▶ **Brief**
Output the data unchanged and complete, minus the images.

▶ **The data**
--

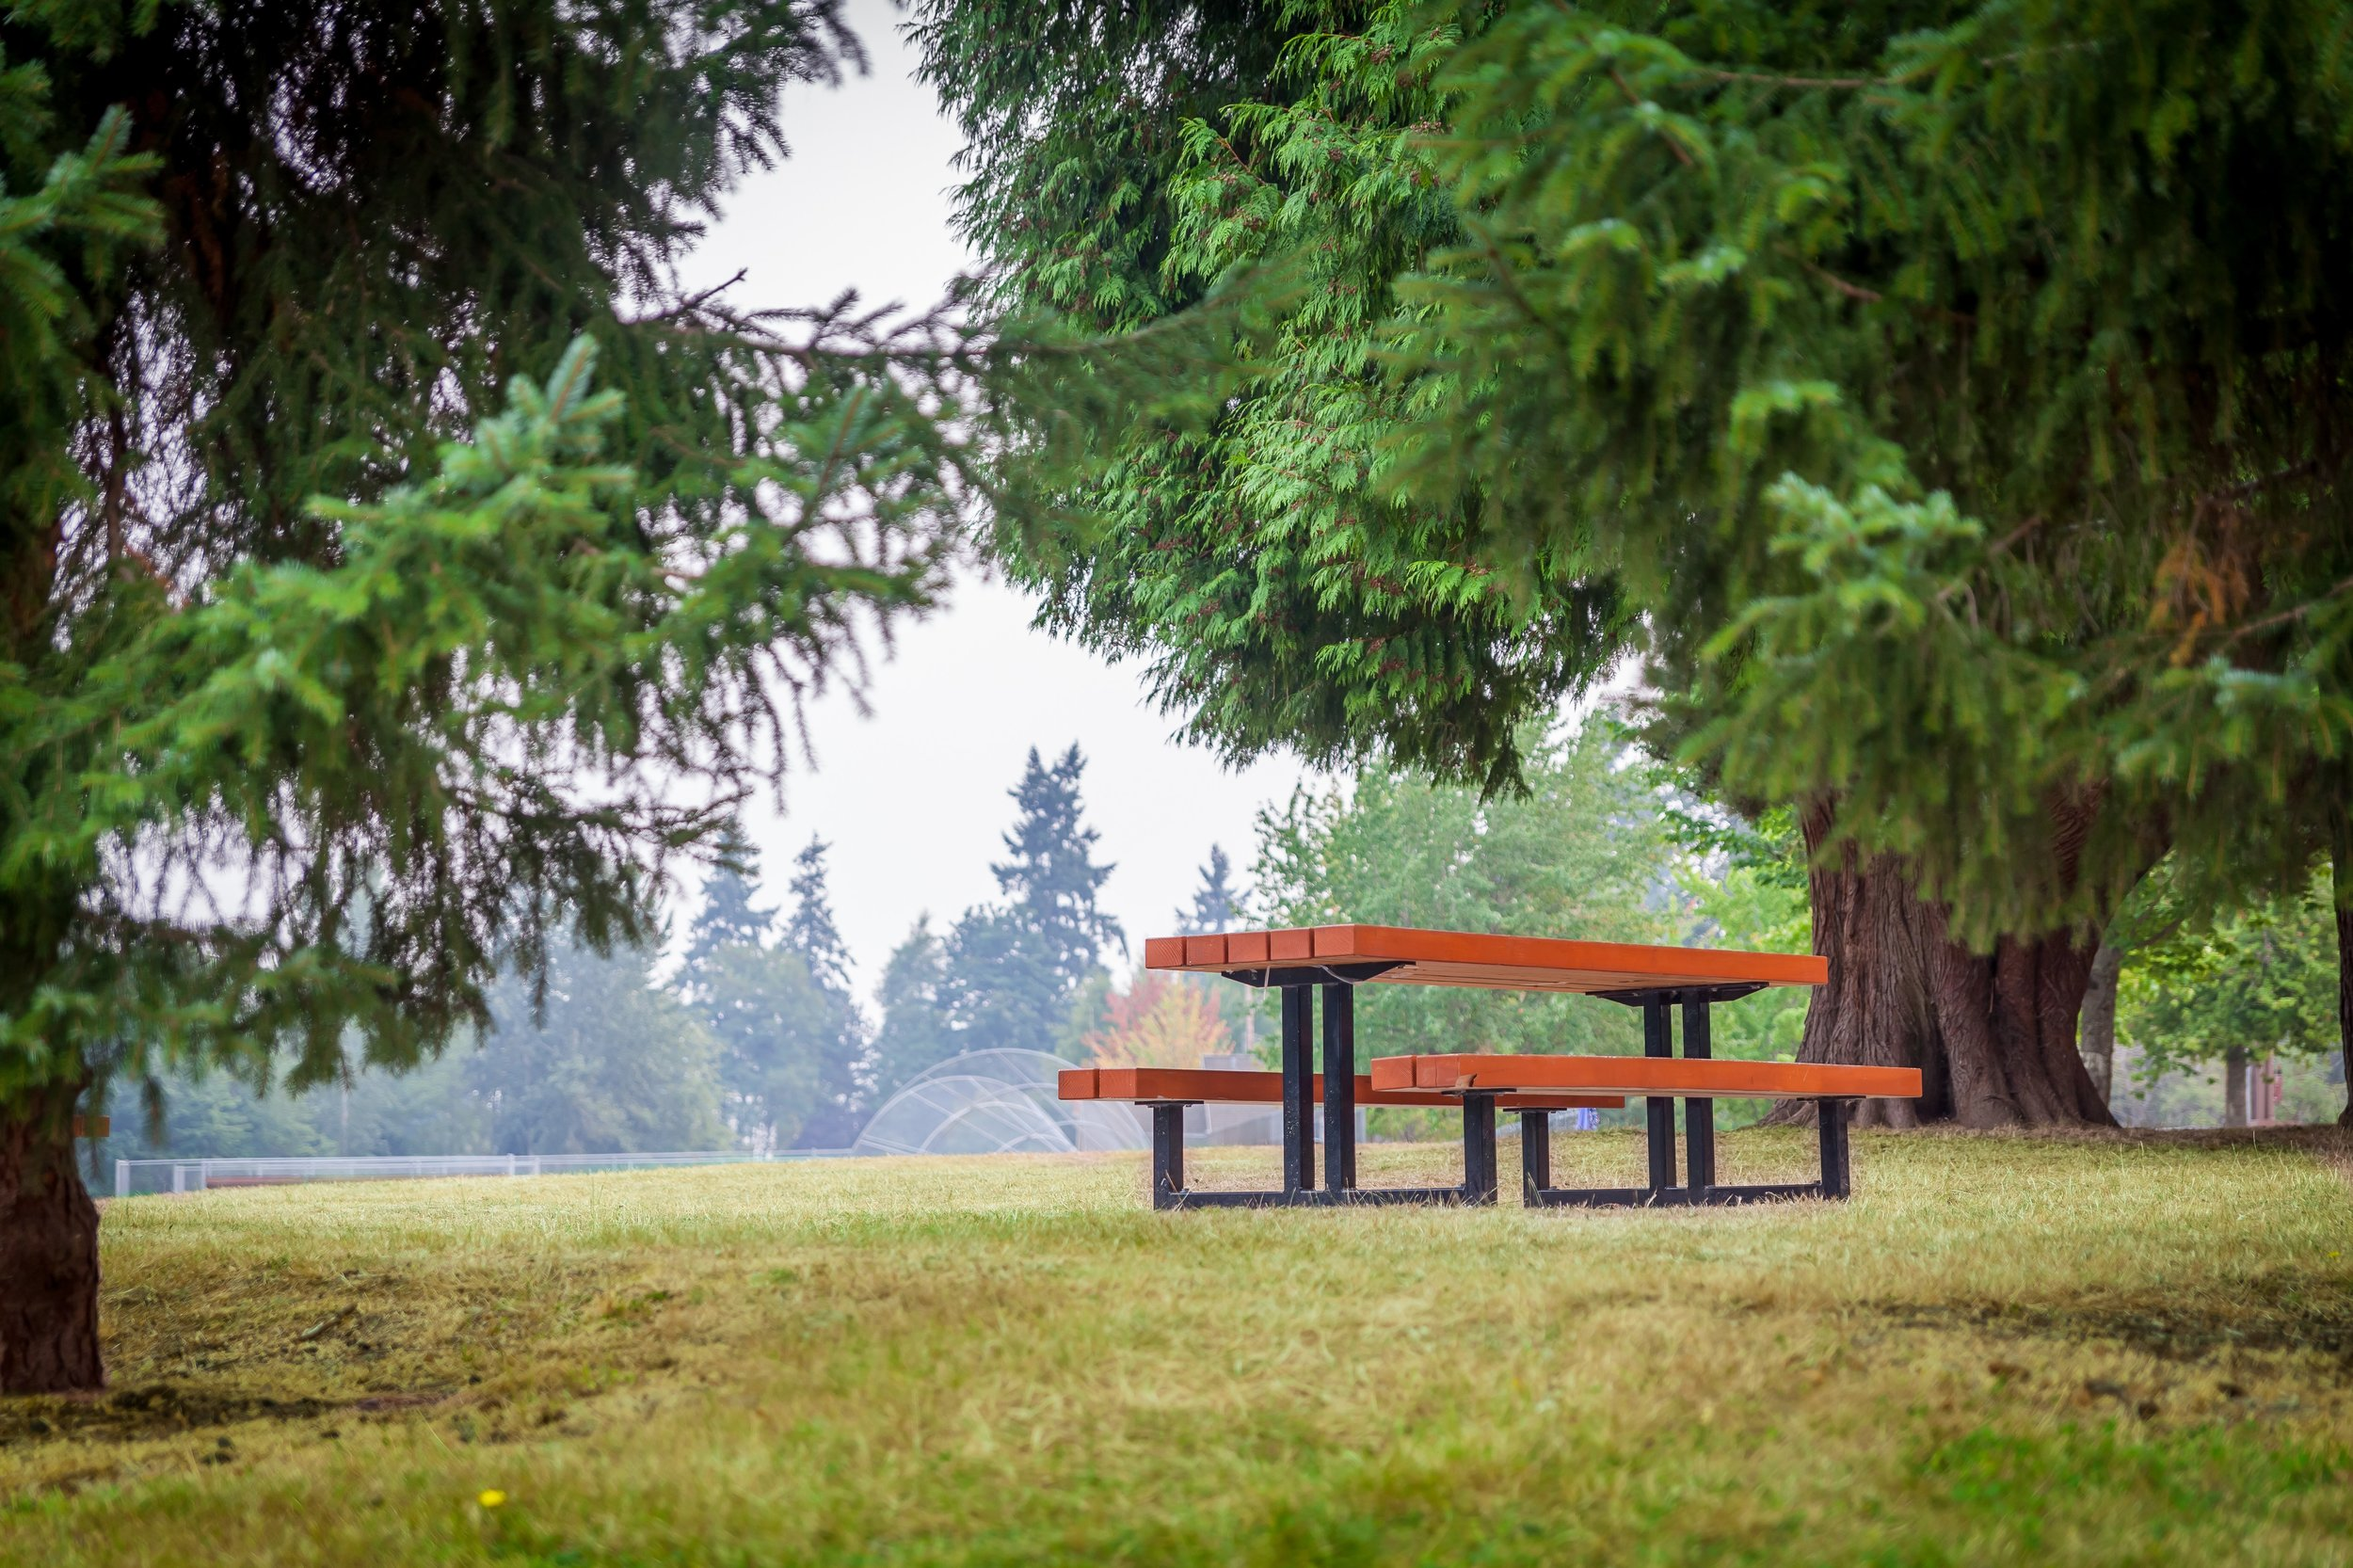 CrestwoodsPark13.jpg
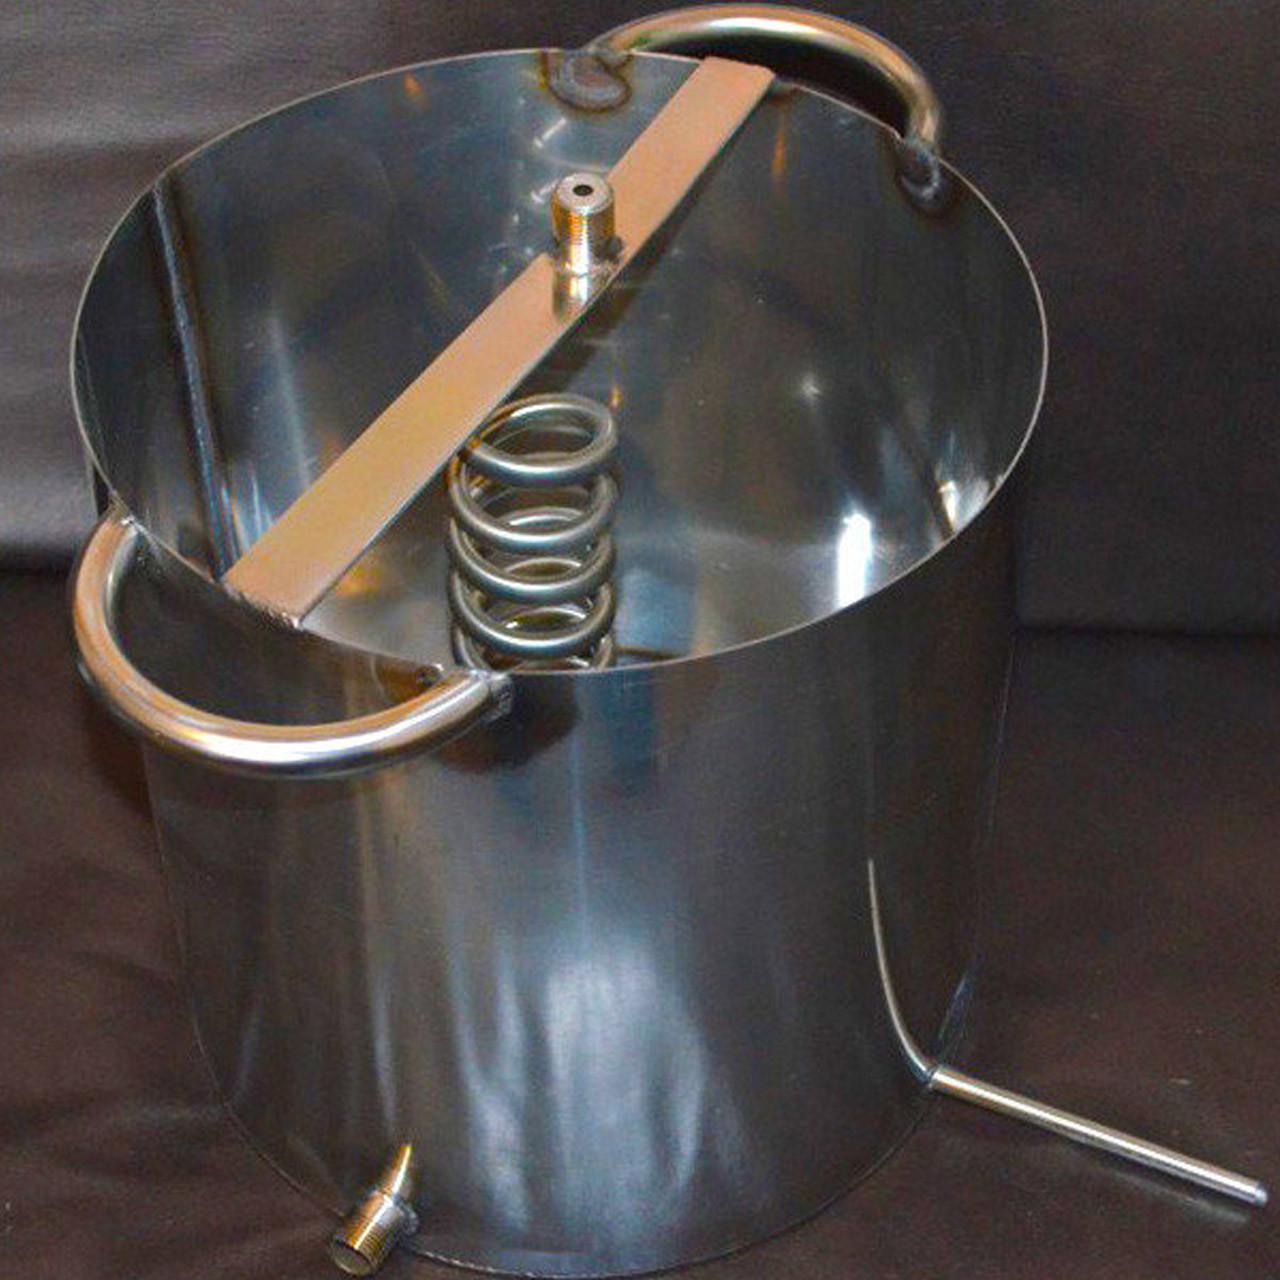 Відкритий охолоджувач для побутового дистилятора
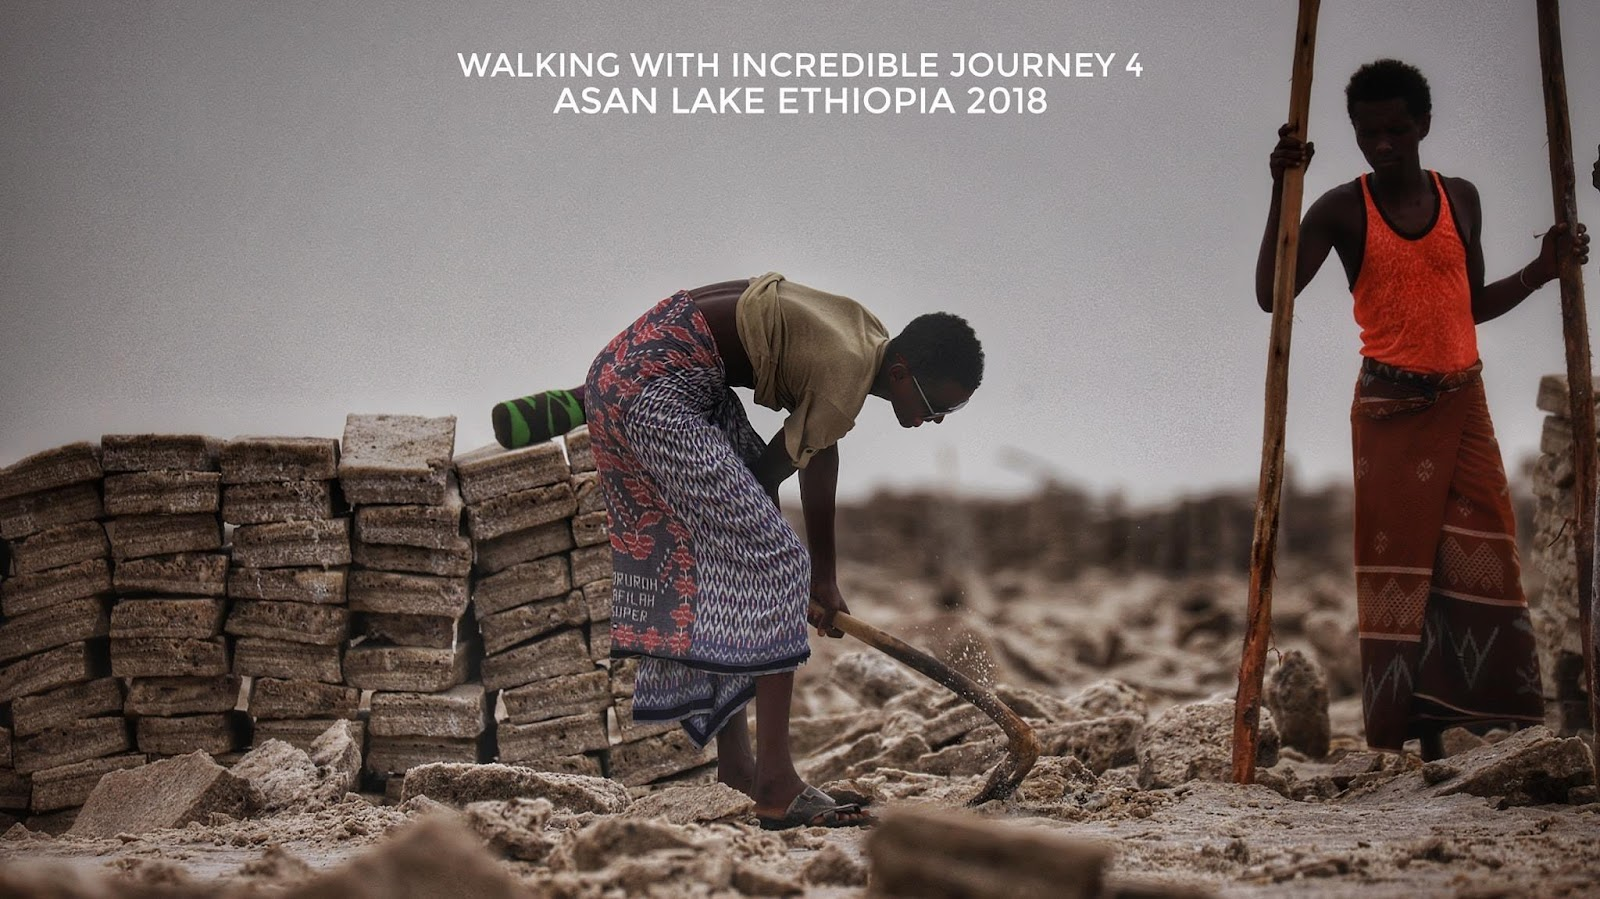 อาฟาร์ : คนแดนเดือด แห่งเอธิโอเปีย
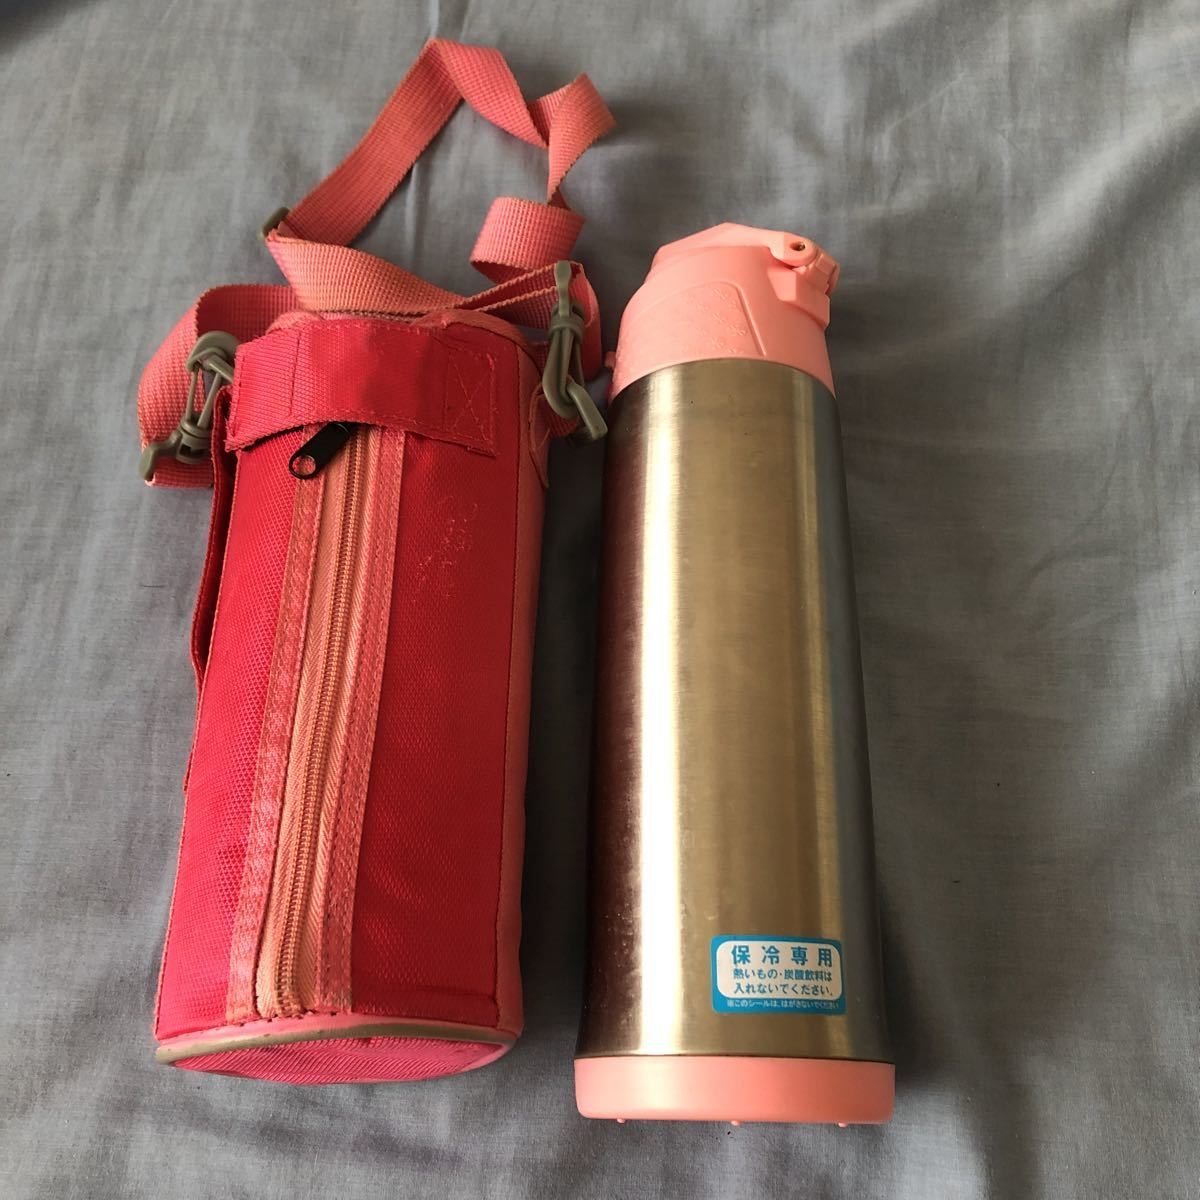 ステンレスボトル 1リットル 保冷専用 ピンク

--

▶ **Answer for the task**
 CrestwoodsPark13.jpg
 Відкритий охолоджувач для побутового дистилятора
 อาฟาร์ : คนแดนเดือด แห่งเอธิโอเปีย
 ステンレスボトル 1リットル 保冷専用 ピンク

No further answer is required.